Kinta Tomoaka

Personal information
- Born: Kinta Tomoaka

Professional wrestling career
- Ring name: Kinta Tomoaka
- Billed height: 1.69 m (5 ft 7 in)
- Billed weight: 77 kg (170 lb)
- Trained by: Último Dragón
- Debut: March 11, 2001

= Kinta Tamaoka =

Japanese professional wrestler

Koichi Tamaoka (玉岡 孝一, Tamaoka Kōichi) is a Japanese professional wrestling referee and semi-retired professional wrestler, best known for working for Dragon Gate under the ring name Kinta Tamaoka (玉岡 金太, Tamaoka Kinta).

==Professional wrestling career==
===Japanese independent scene (2001–present)===
Tamaoka joined the Toryumon system as a wrestler, but dropped out of the dojo for unknown reasons. He then became a referee.

In May 2006, he joined heel unit Muscle Outlaw'z to act as their own personal referee. He used fast counts and allowed rule breaking to give them an advantage. He also would simply refuse to count for MO'z opponents, and occasionally go so far as to attack them. A particular trick of his was to throw "protein" in the opponents' faces.

Come September 2007, Tamaoka's relationship with the MO'z began to disintegrate after he cost the MO'z several matches with misaimed protein attacks. He was challenged to a banishment match by Gamma on September 22. The MO'z surprisingly aided Tamaoka against Gamma, causing Gamma's brief departure from the federation. However, Gamma returned to Dragon Gate and MO'z a month later, and Tamaoka was mobbed and kicked out of the unit upon doing so.

After his exile from MO'z, Tamaoka briefly had an active schedule as a wrestler, but he stopped wrestling abruptly and returned to refereeing. As of May 2008, his profile was placed under the regular referee section on the Official Dragon Gate website. He continues to referee, but no longer plays a role or shows a distinct personality.

On March 20, 2009, Tamaoka won the Open the Owarai Gate Championship from "Hollywood" Stalker Ichikawa. The title match was actually between Stalker and Masaaki Mochizuki, but Tamaoka won more fan support than either of them, so he became champion. He then vacated the title immediately afterwards since he wasn't a full-time wrestler.

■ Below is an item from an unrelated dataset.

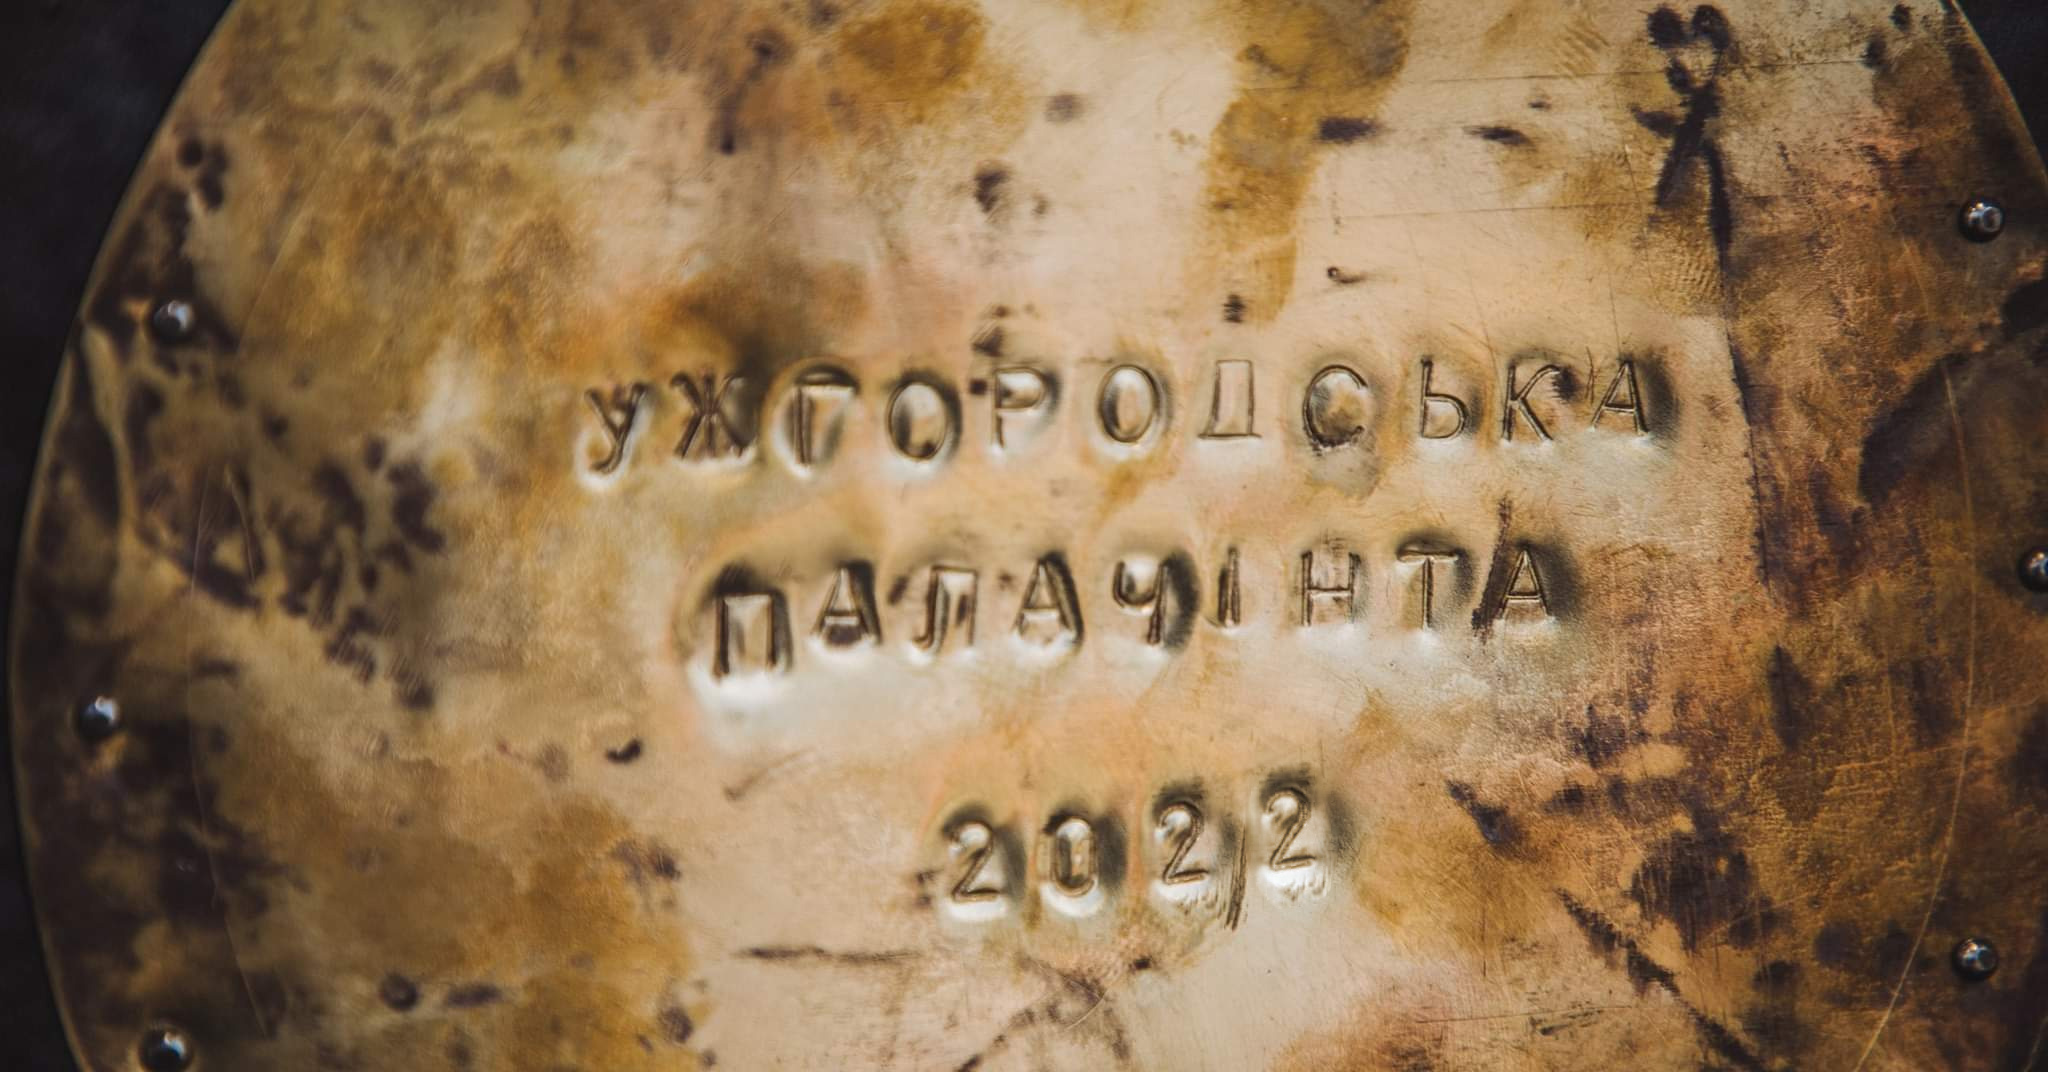 "Ужгородська палачінта-2022" пригощатиме млинцями в лютому у Боздоському парку

On April 5, 2011, Dragon Gate announced that they had fired Tamaoka, when it was learned that the night before he had been arrested for public drug use in a Kobe area restroom. The drug in question has been identified for now as simply a stimulant. The company had initially announced that he had been in violation of his contract when they announced his firing and the real reason had not been revealed until April 22 when the story received some mainstream press. As of that date, he was still in police custody.